Fintan O’Toole provides some background on Ireland’s appalling “Pro-Life” amendment to its constitution.
The most successful single issue movement in the history of the State, the Pro-Life Amendment Campaign (PLAC), was established in January 1981 by 13 organisations: the Congress of Catholic Secondary School Parents’ Associations; the Irish Catholic Doctors’ Guild; the Guild of Catholic Nurses; the Guild of Catholic Pharmacists; the Catholic Young Men’s Society; the St Thomas More Society; the Irish Pro-Life Movement; the National Association of the Ovulation Method (“natural” contraception endorsed by the Catholic church); the Council of Social Concern (COSC); the Irish Responsible Society; the Society for the Protection of Unborn Children; the St Joseph’s Young Priests Society (young Catholic priests, that is); and the Christian Brothers Schools Parents’ Federation. The initial meeting was chaired by the head of a 14th organisation that was immensely influential on the campaign behind the scenes, the secretive, all-male brotherhood the Order of the Knights of Columbanus.
It’s enough to make you want to throw up. Notice that at least two of those groups are not only Catholic but all-male. All-male Catholic groups stripping women of basic rights – not a good look.
These are the bodies that made Ireland unique in the democratic world in having a ban on abortion in its constitution. In spite of a great deal of revisionism, their sectarian character is obvious: 10 of these bodies were explicitly and exclusively Catholic. The other four were almost entirely made up of conservative Catholic activists. (By contrast, all Irish Protestant churches opposed the amendment.) For all of these groups, abortion was just one front in a wider religious war.
On Protestantism, on women, on secularism, on the whole notion and possibility of not taking orders from the Vatican.
A guy called John O’Reilly started it all going.

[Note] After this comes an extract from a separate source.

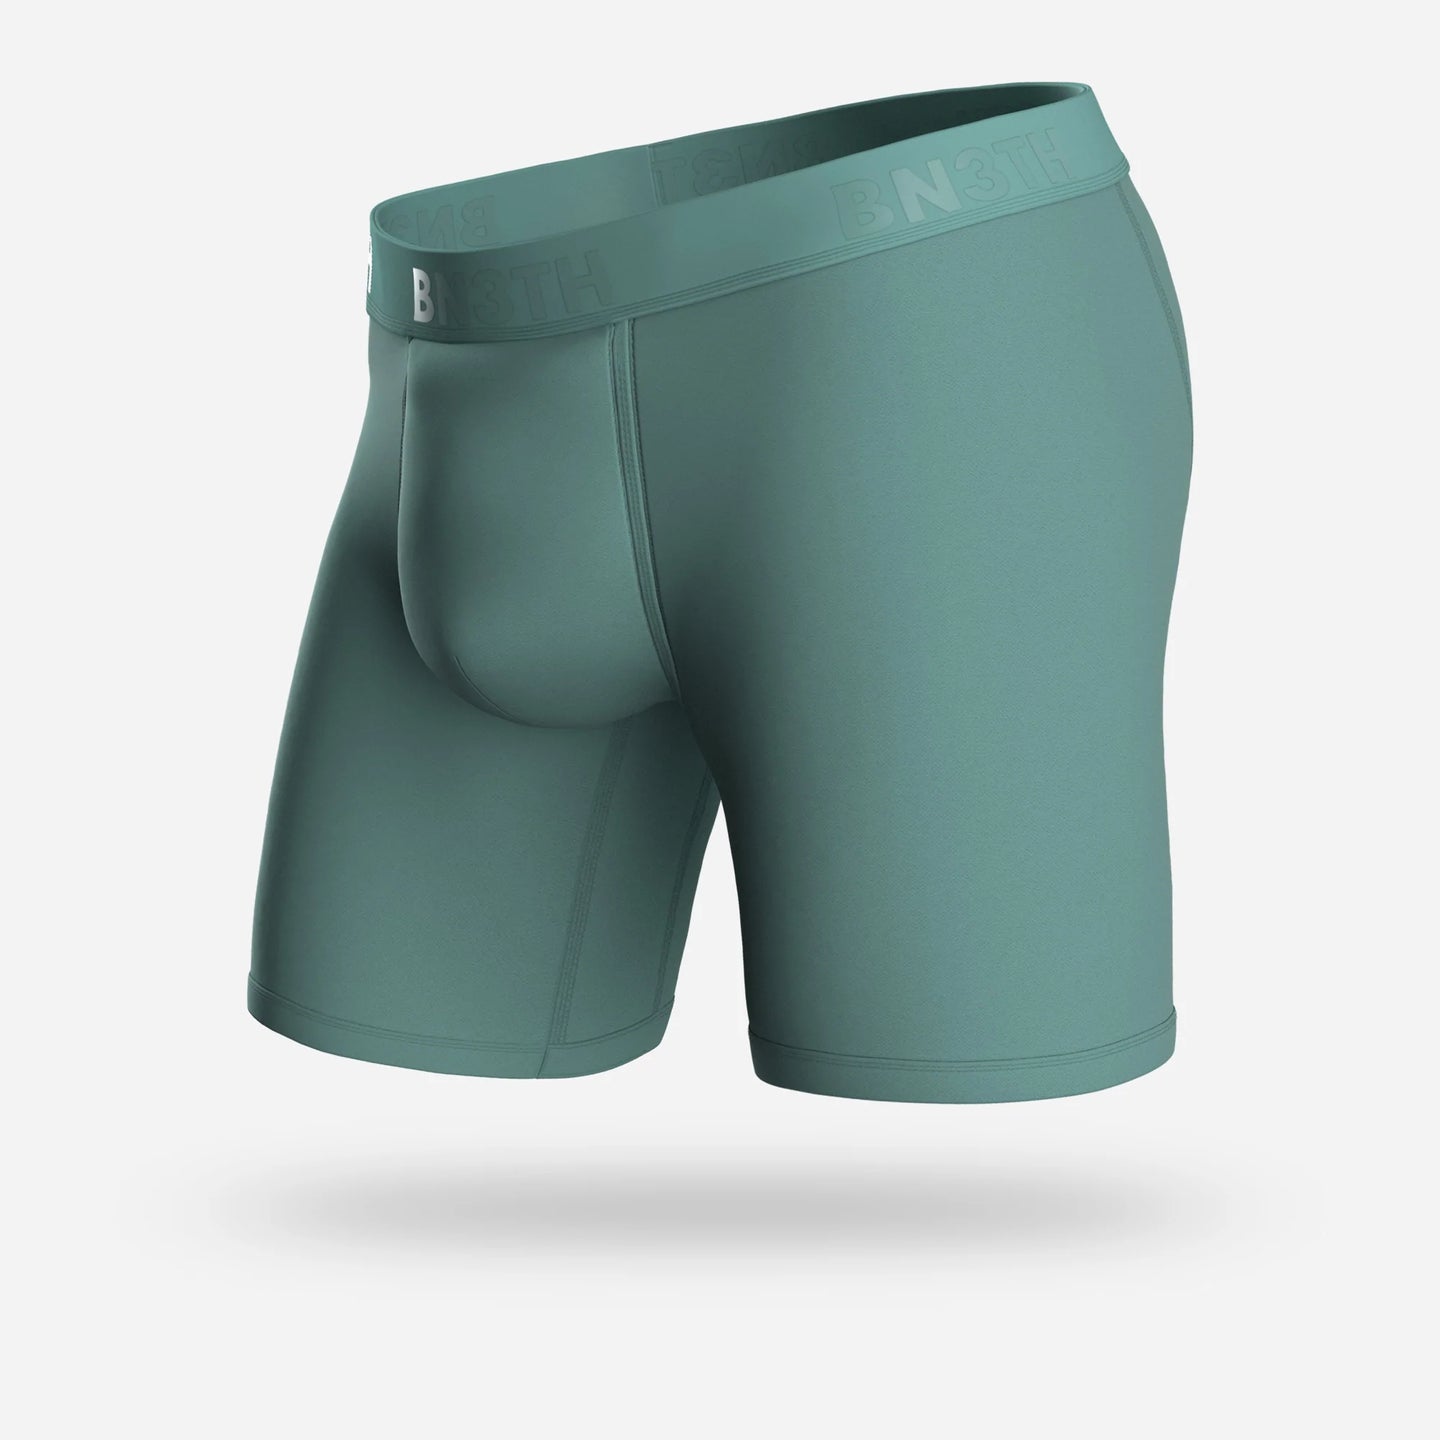 Men's Underwear – COSUBE

John O’Reilly explicitly regarded a successful anti-abortion amendment as a prelude to action against contraception and “illegitimacy”: “The campaign for a pro-life amendment would enjoy widespread support now and the success of the campaign would serve to halt the permissive tide in other areas.”
For O’Reilly “pro-life” was the opposite of “anti-life”, a term which incorporated the availability of contraception and (weirdly) the rising number of babies born out of wedlock.
Because the most important thing of all is to make sure that nobody ever ever ever just plain has sex for the fun of it. God no. It has to be made as rule-bound and joyless and like a prison sentence as it can possibly be. Except for priests, of course.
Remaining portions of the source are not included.